Note: Authority cited: Sections 39002, 39003, 39515, 39516, 39600, 39601, 39602, 39602.5, 39650, 39656, 39658, 39659, 39665, 39667, 39674, 39675, 39730.8(c), 40000, 41511, 42400, 42400.1, 42400.2, 42400.3.5, 42402, 42402.1, 42402.2, 42402.4, 42403, 43000, 43000.5, 43013, 43016, 43018, 43018.2 and 43600, Health and Safety Code. Reference: Sections 39000, 39002, 39003, 39515, 39516, 39600, 39601, 39602, 39602.5, 39650, 39656, 39657, 39658, 39659, 39665, 39667, 39674, 39675, 39730.8(c), 40000, 41511, 42400, 42400.1, 42400.2, 42402.2, 43000, 43000.5, 43013, 43016, 43018, 43018.2, 43600, 43865 and 43866, Health and Safety Code.
History
1. New article 4.8 (sections 2449-2449.3) and section filed 5-16-2008; operative 6-15-2008 (Register 2008, No. 20).
2. Change without regulatory effect amending subsection (d)(7)(B)1. filed 9-8-2008 pursuant to section 100, title 1, California Code of Regulations (Register 2008, No. 37).
3. Amendment of subsections (b), (c) (new definition of “Two-Engine Crane”) and (e)(7), new subsections (e)(14)-(15), amendment of subsection (g)(1)(B)5. and new subsections (g)(1)(B)17. filed 12-3-2009; operative 12-3-2009 pursuant to Government Code section 11343.4(c) (Register 2009, No. 49).

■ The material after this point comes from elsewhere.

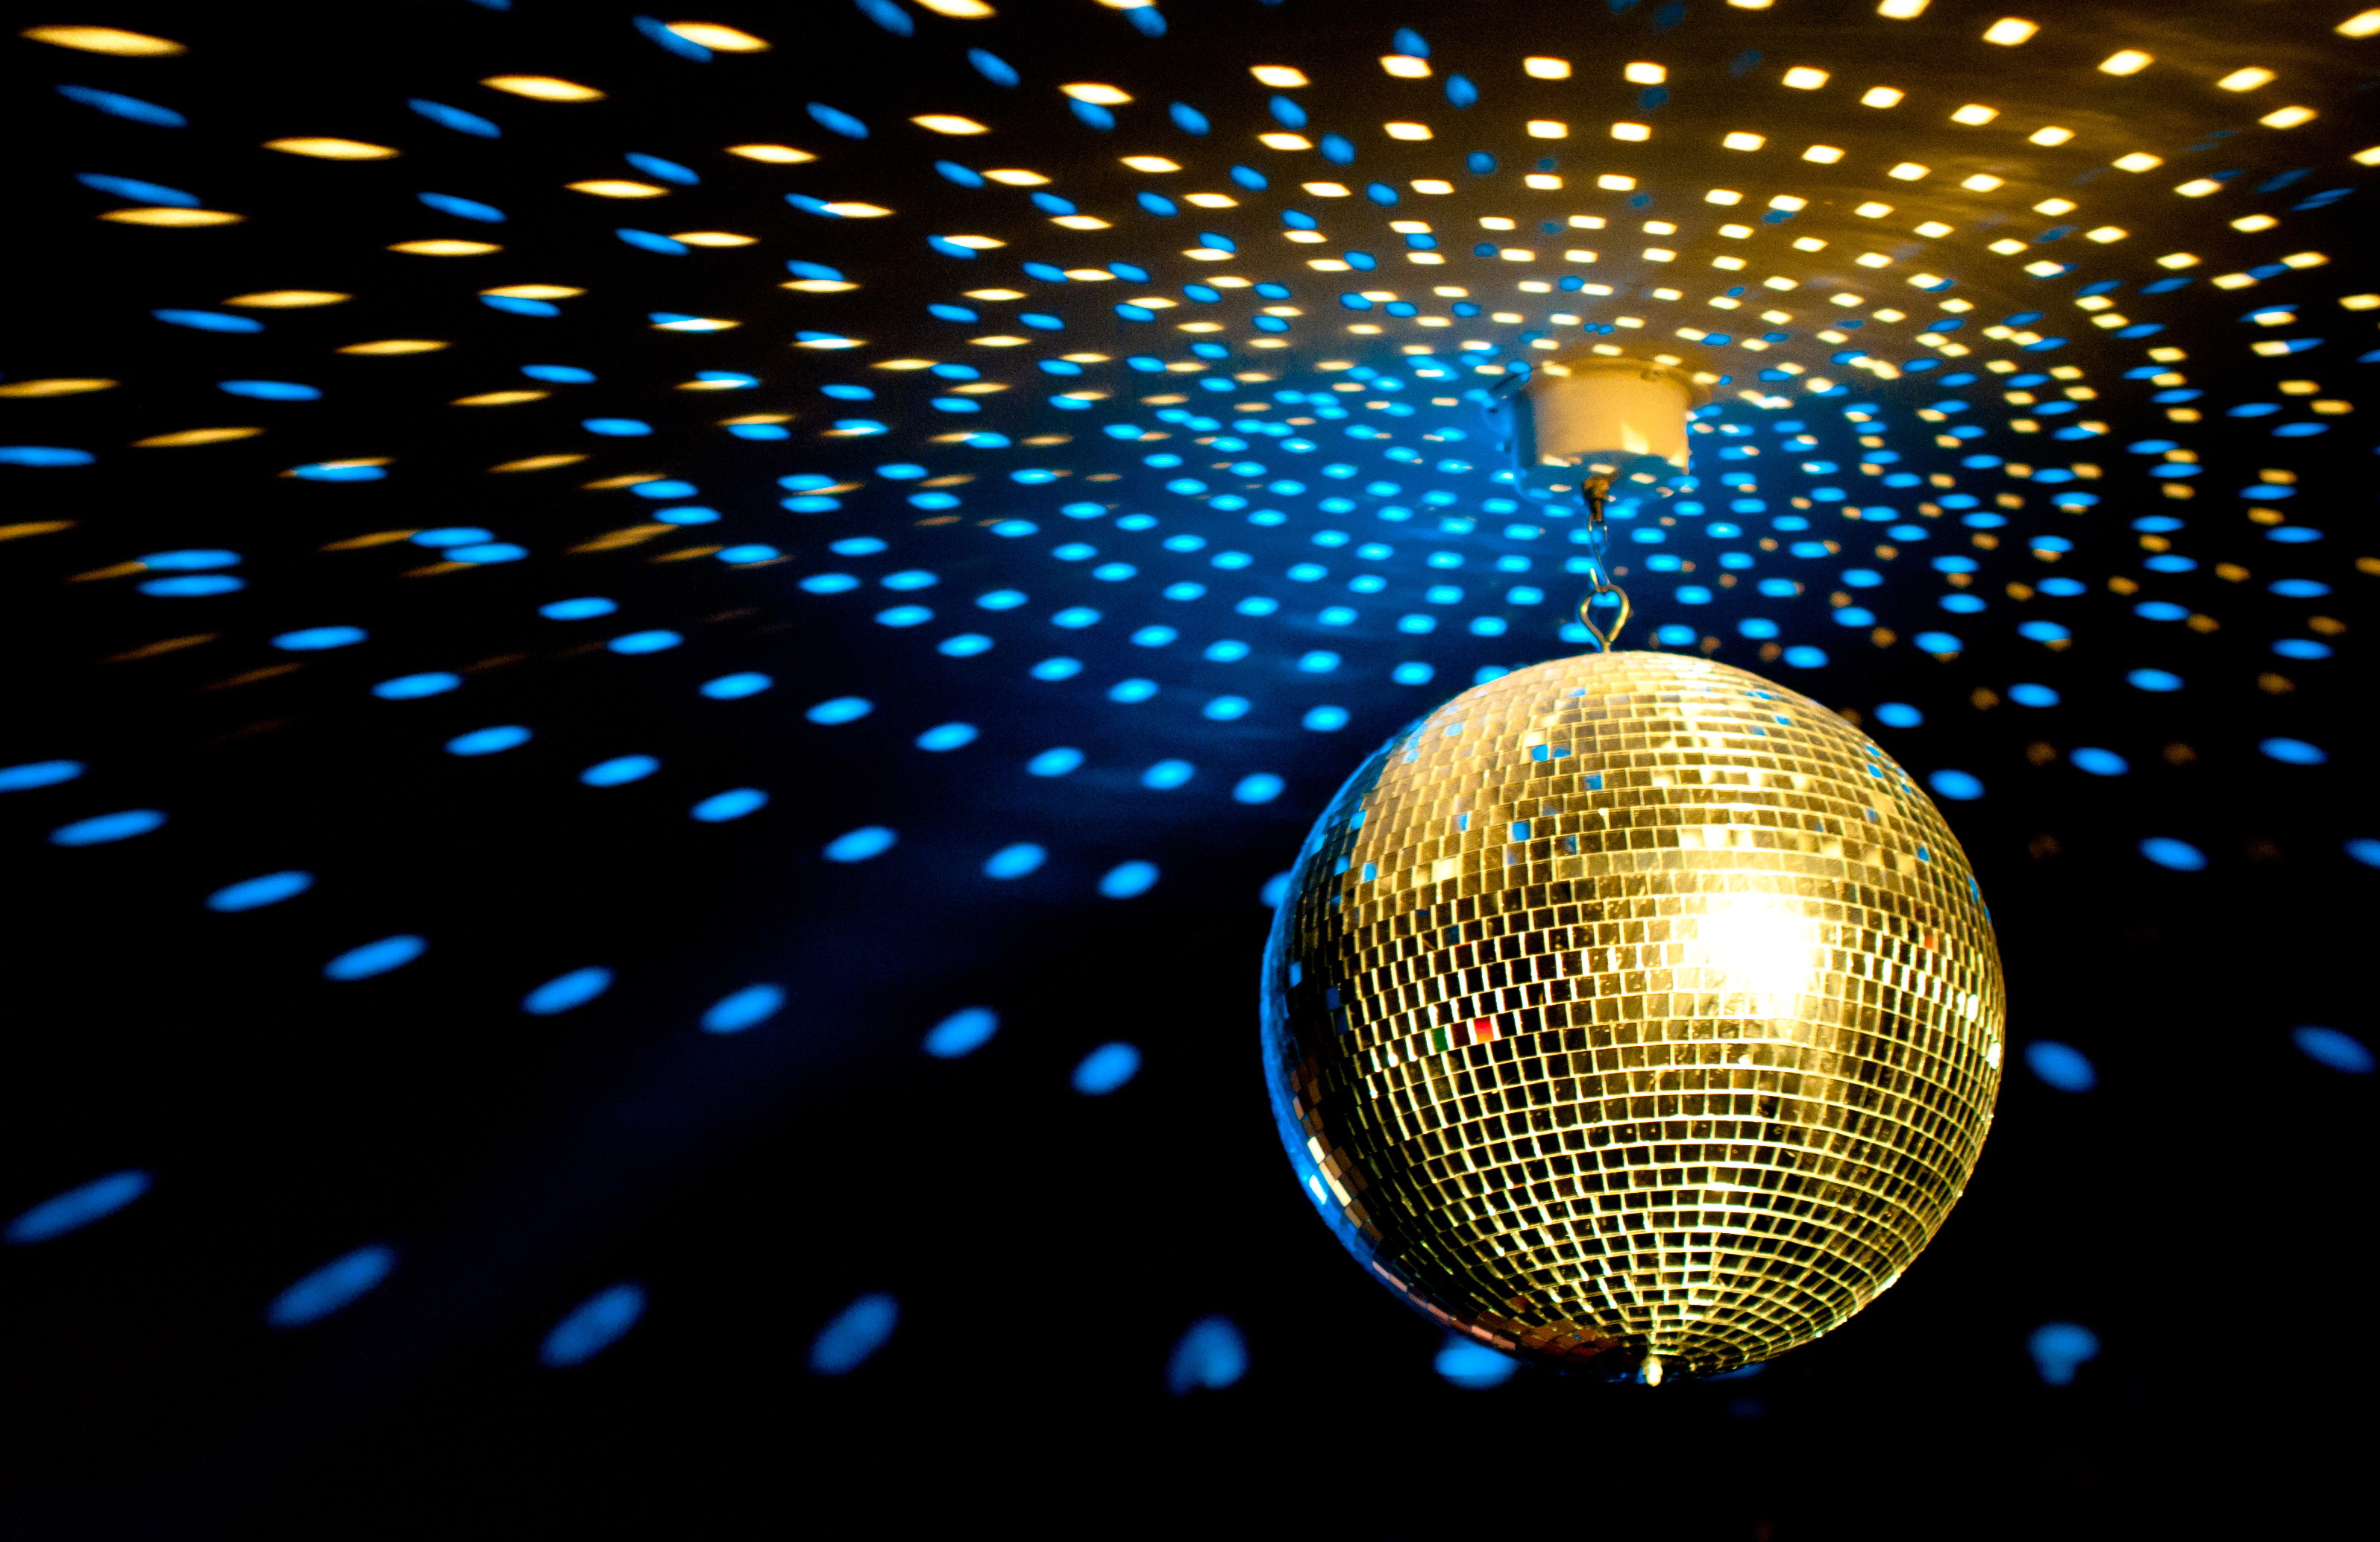  club music wallpapers 24 disco ball wallpaper 62459html January 2012

4. New subsections (c)(28), (c)(41) and (c)(46), subsection renumbering, amendment of subsection (g)(1)(G)3., new subsections (g)(1)(G)4. and (h)(8)-(9), subsection renumbering and amendment of newly designated subsection (h)(10) and Note filed 12-31-2009; operative 12-3-2009 pursuant to Government Code section 11343.8 and Health and Safety Code section 43018.2 (AB2x 8). In accordance with Health and Safety Code section 43018.2(b), this regulatory action is exempt from the APA and OAL review. Submitted to OAL for printing only (Register 2010, No. 1).

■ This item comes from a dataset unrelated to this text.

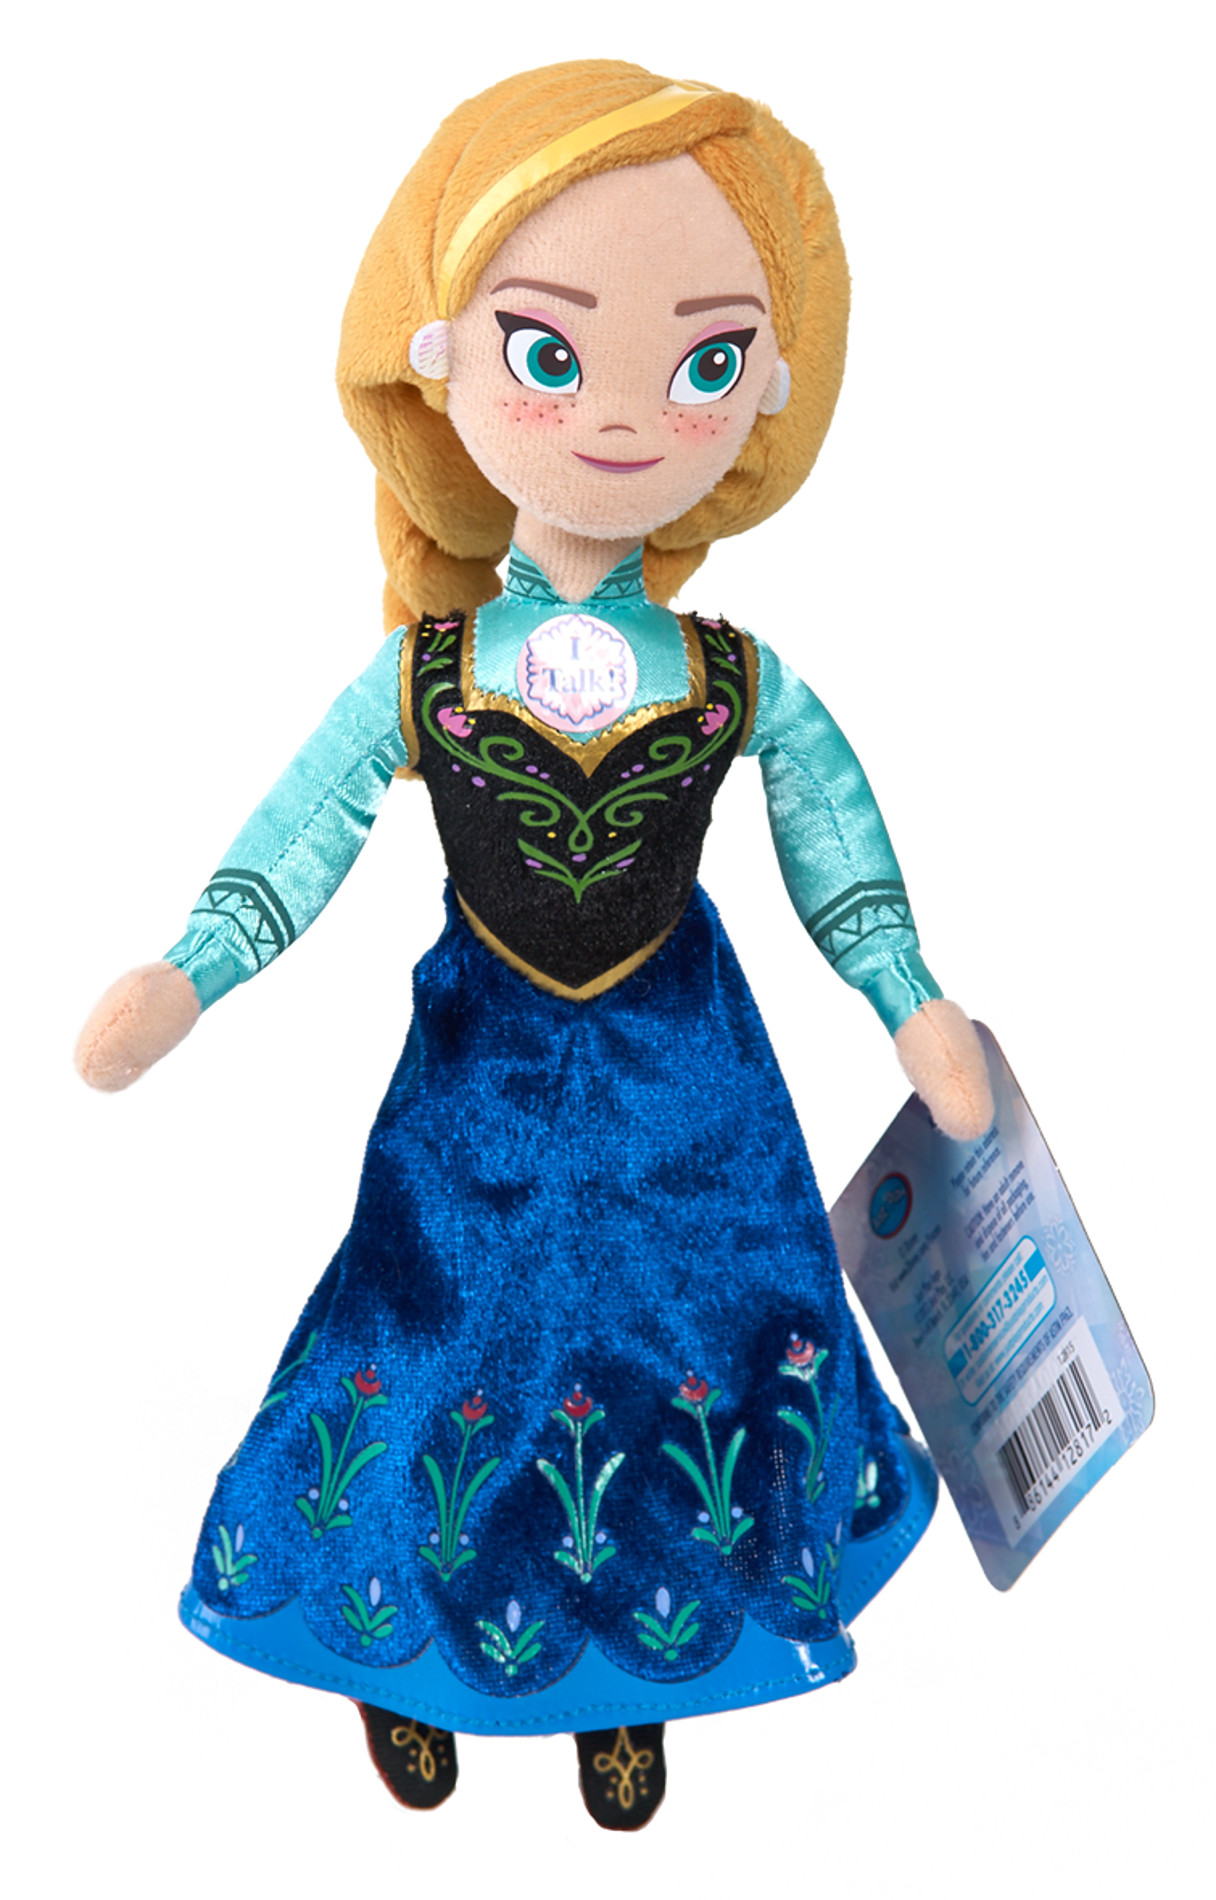 Disney 10 Talking Plush   Disney Frozen Anna   Toys & Games   Stuffed

5. Amendment of subsections (d)(4)(A) and (g)(1)(D)2., new subsection (g)(1)(D)6. and amendment of subsection (h)(10) filed 12-31-2009; operative 1-1-2010 pursuant to Government Code section 11343.4 (Register 2010, No. 1).

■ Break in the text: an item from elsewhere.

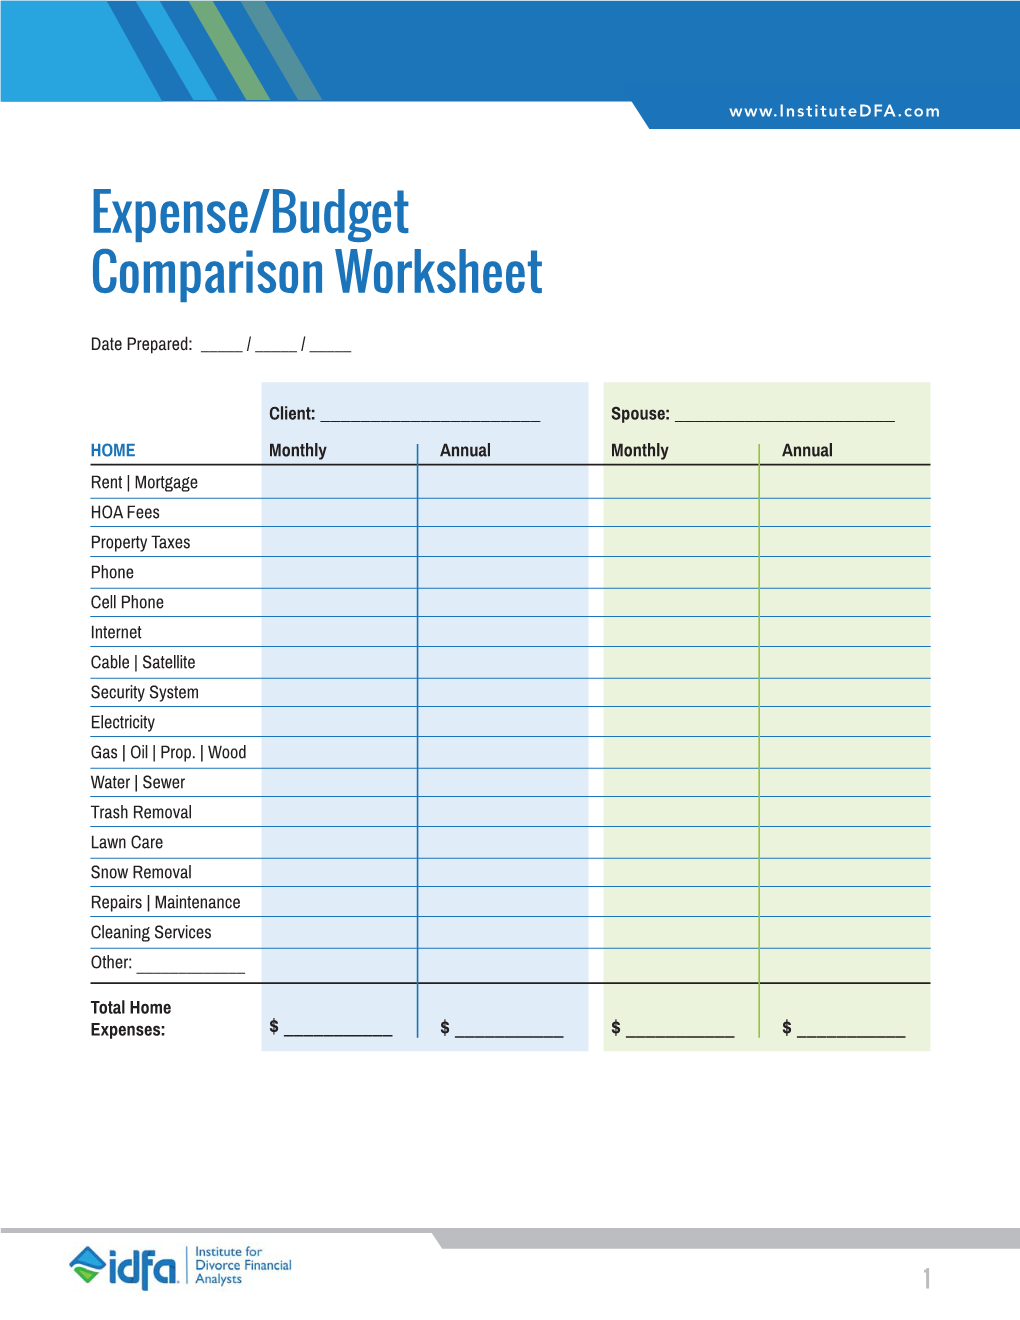 Expense/Budget Comparison Worksheet

6. Amendment of subsections (c)(26), (c)(39) and (e)(6), new subsection (e)(6)(D), amendment of subsection (e)(8) and new subsection (g)(4) filed 7-16-2010; operative 8-15-2010 (Register 2010, No. 29).
7. Amendment of subsection (b), new subsection (c)(60), subsection renumbering, new subsection (e)(16) and amendment of subsections (g)(1) and (g)(1)(B)5. filed 10-19-2010; operative 10-19-2010 pursuant to Government Code section 11343.4 (Register 2010, No. 43).
8. Amendment filed 12-14-2011; operative 12-14-2011 pursuant to Government Code section 11343.4 (Register 2011, No. 50).
9. Amendment of section and Note filed 8-18-2023; operative 10-1-2023 (Register 2023, No. 33).
This database is current through 5/24/24 Register 2024, No. 21.